DATASET EXTRACT:
== Segment start ==

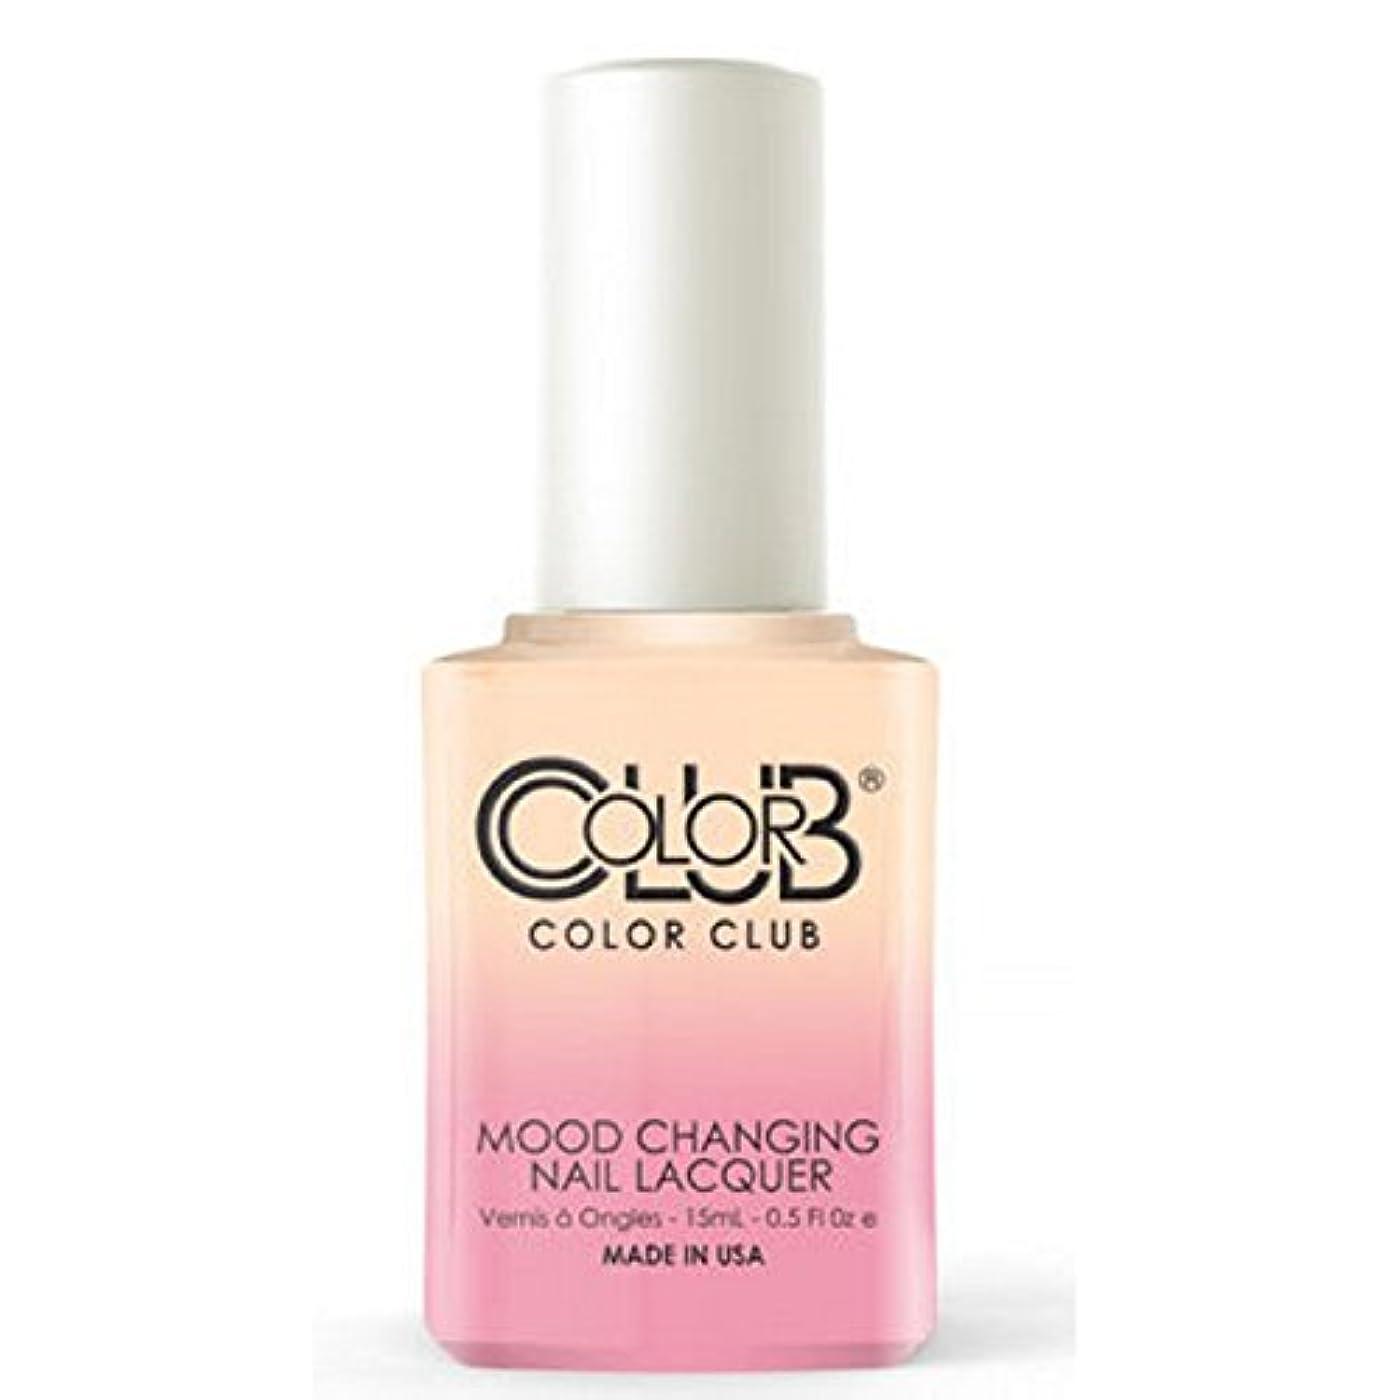 有効化塊強風Color Club Mood Changing Nail Lacquer - Old Soul - 15 mL / 0.5 fl oz
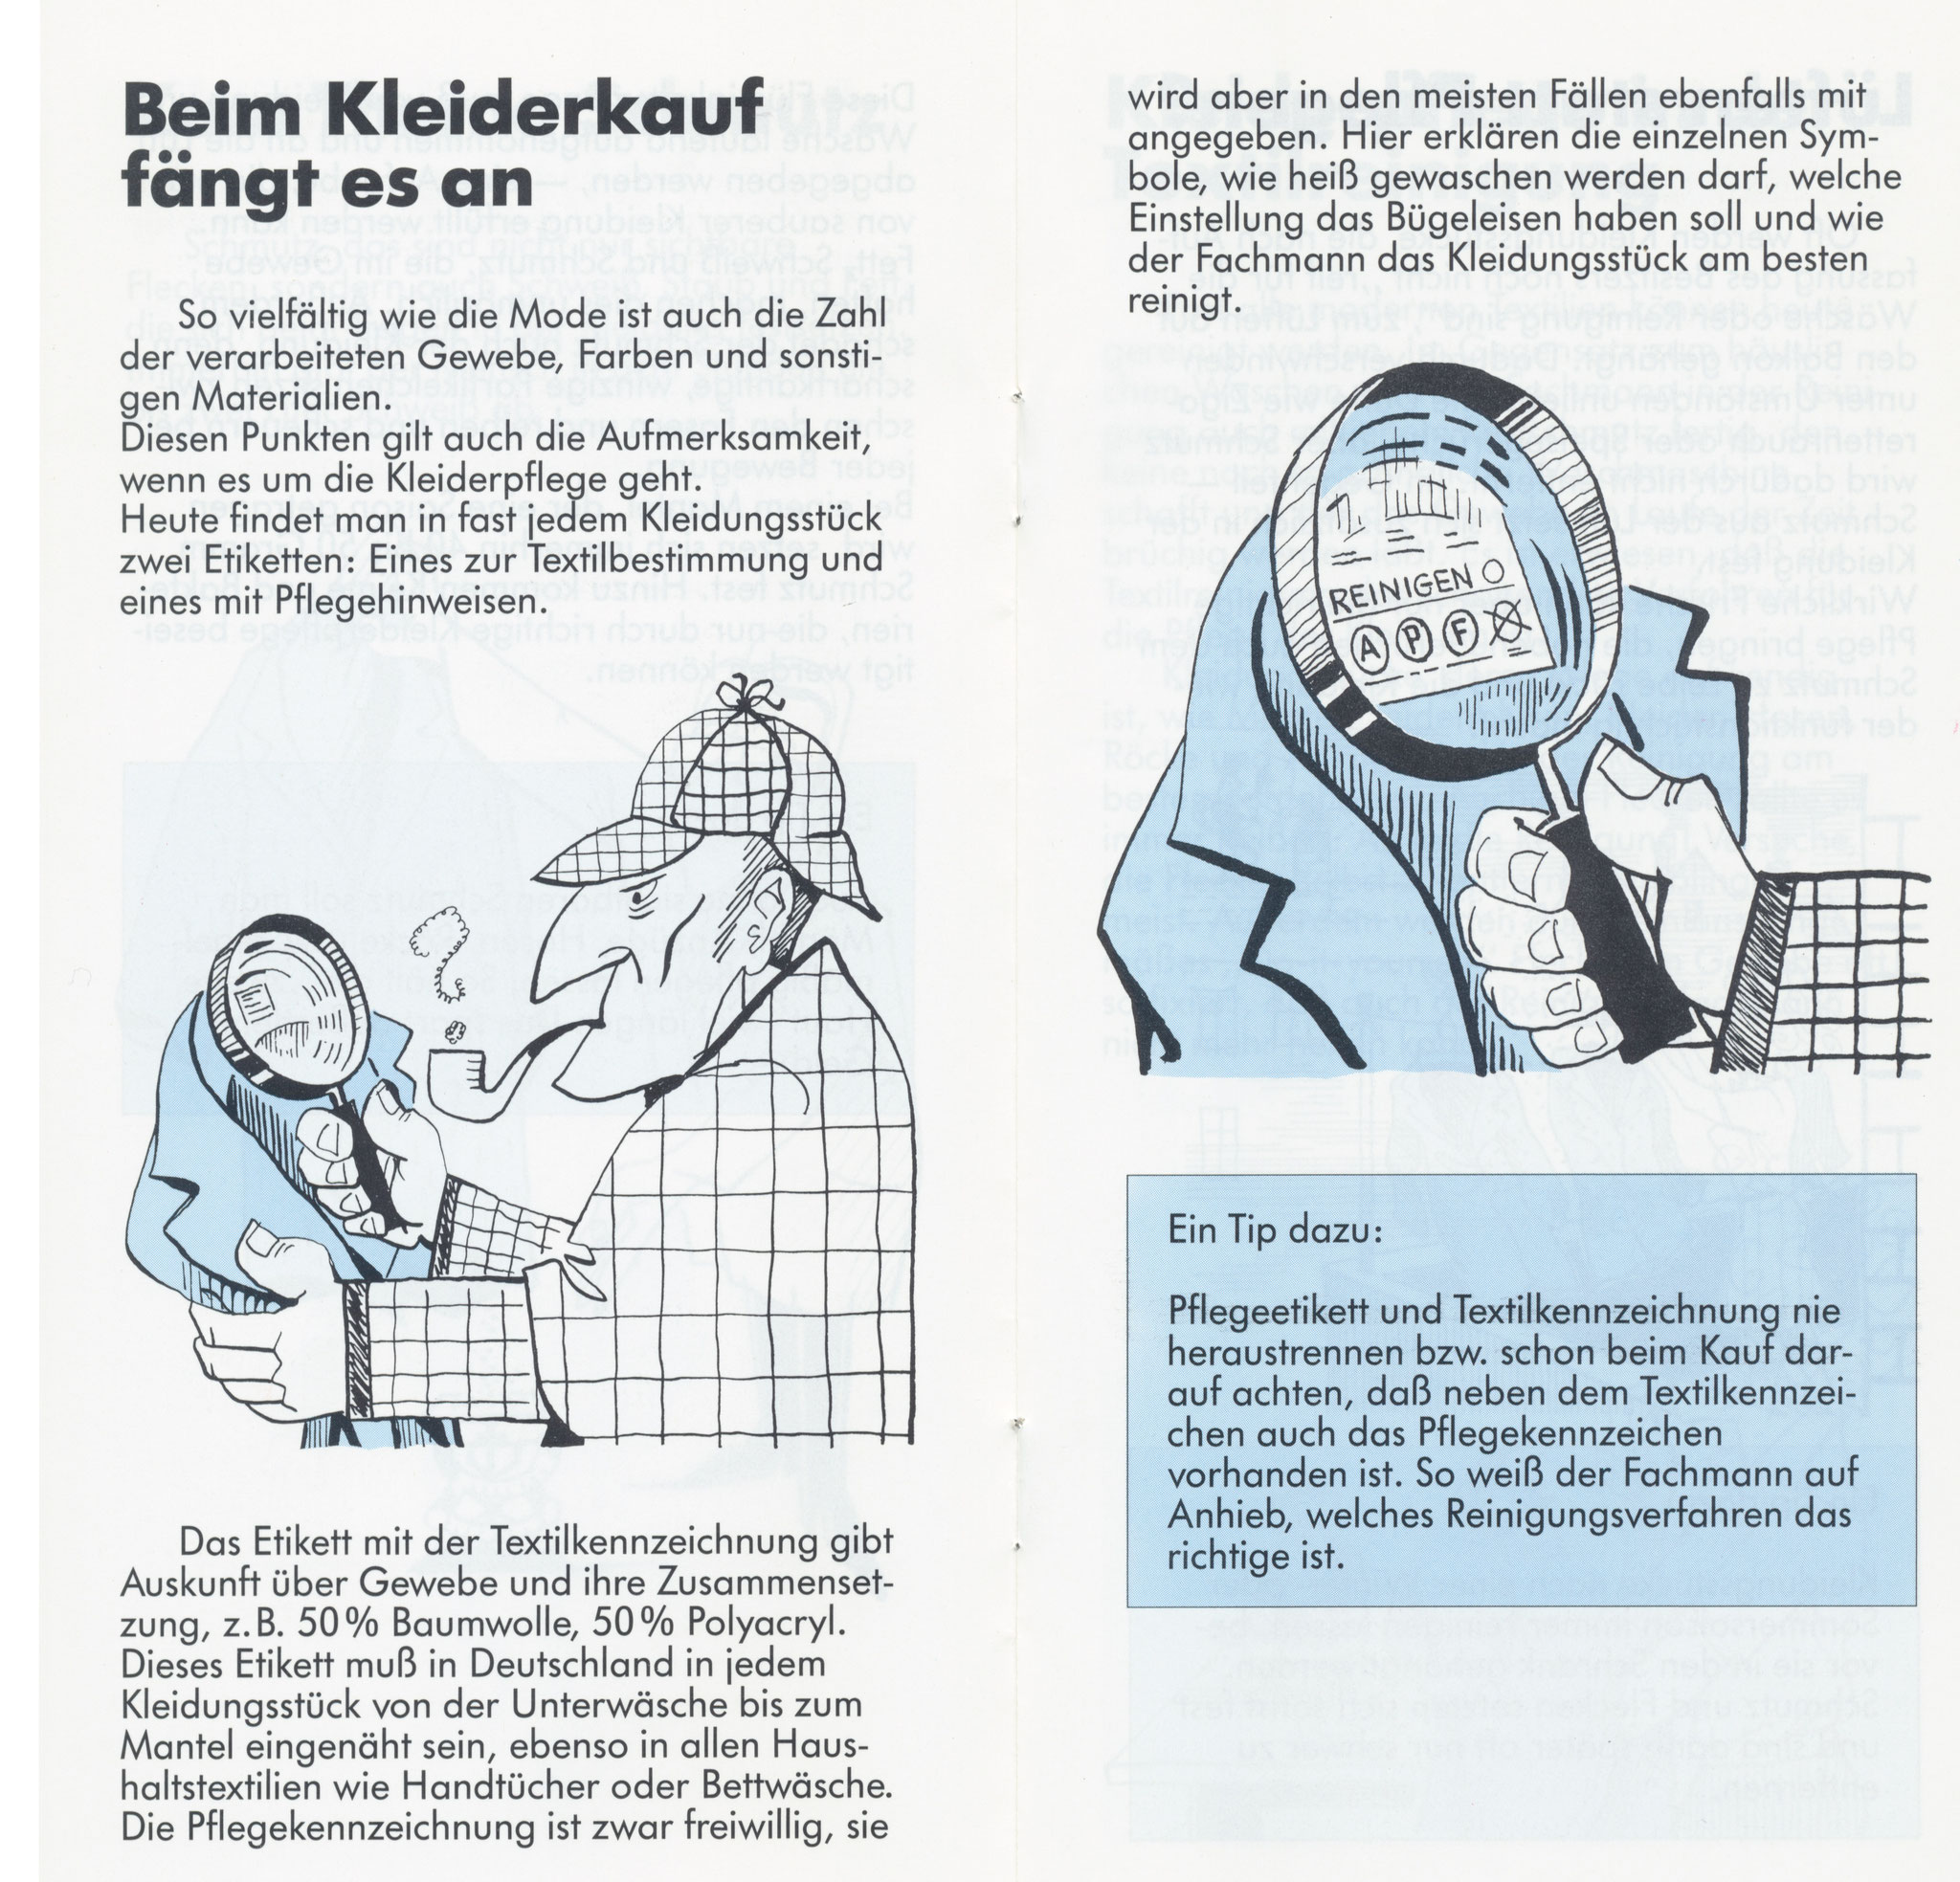 1980 Müden Arbeitskreis Textilreinigung:  Seite 4, Kleiderkauf
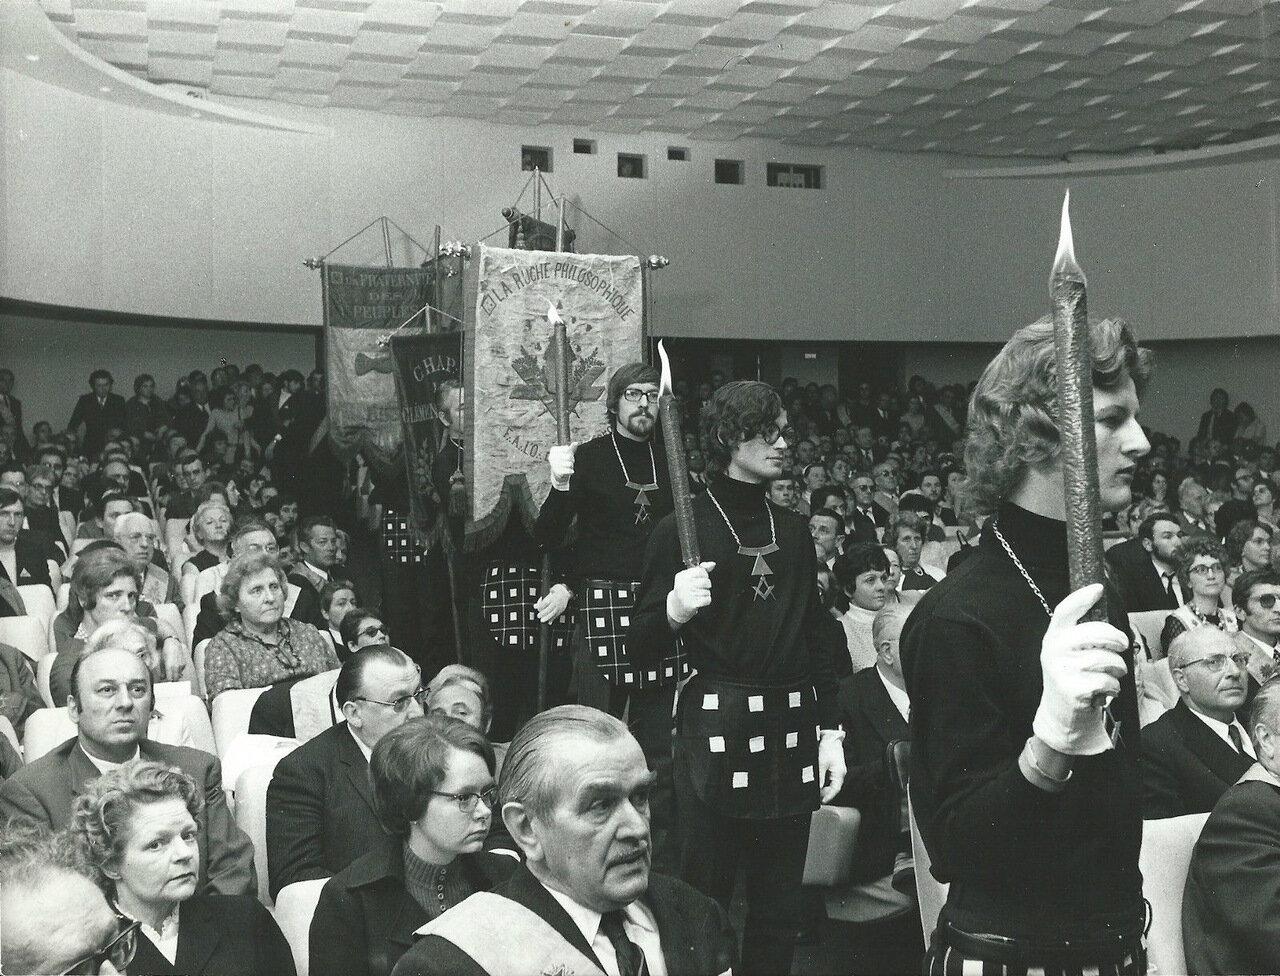 Ложа Великий Восток Франции. Церемония открытия, состоявшаяся в главном зале. 1969—1971

== Segment end ==

WORK ITEM:
Repeat the lines above precisely and skip every picture.

YOUR SOLUTION:
 有効化塊強風Color Club Mood Changing Nail Lacquer - Old Soul - 15 mL / 0.5 fl oz
 1980 Müden Arbeitskreis Textilreinigung:  Seite 4, Kleiderkauf
 Ложа Великий Восток Франции. Церемония открытия, состоявшаяся в главном зале. 1969—1971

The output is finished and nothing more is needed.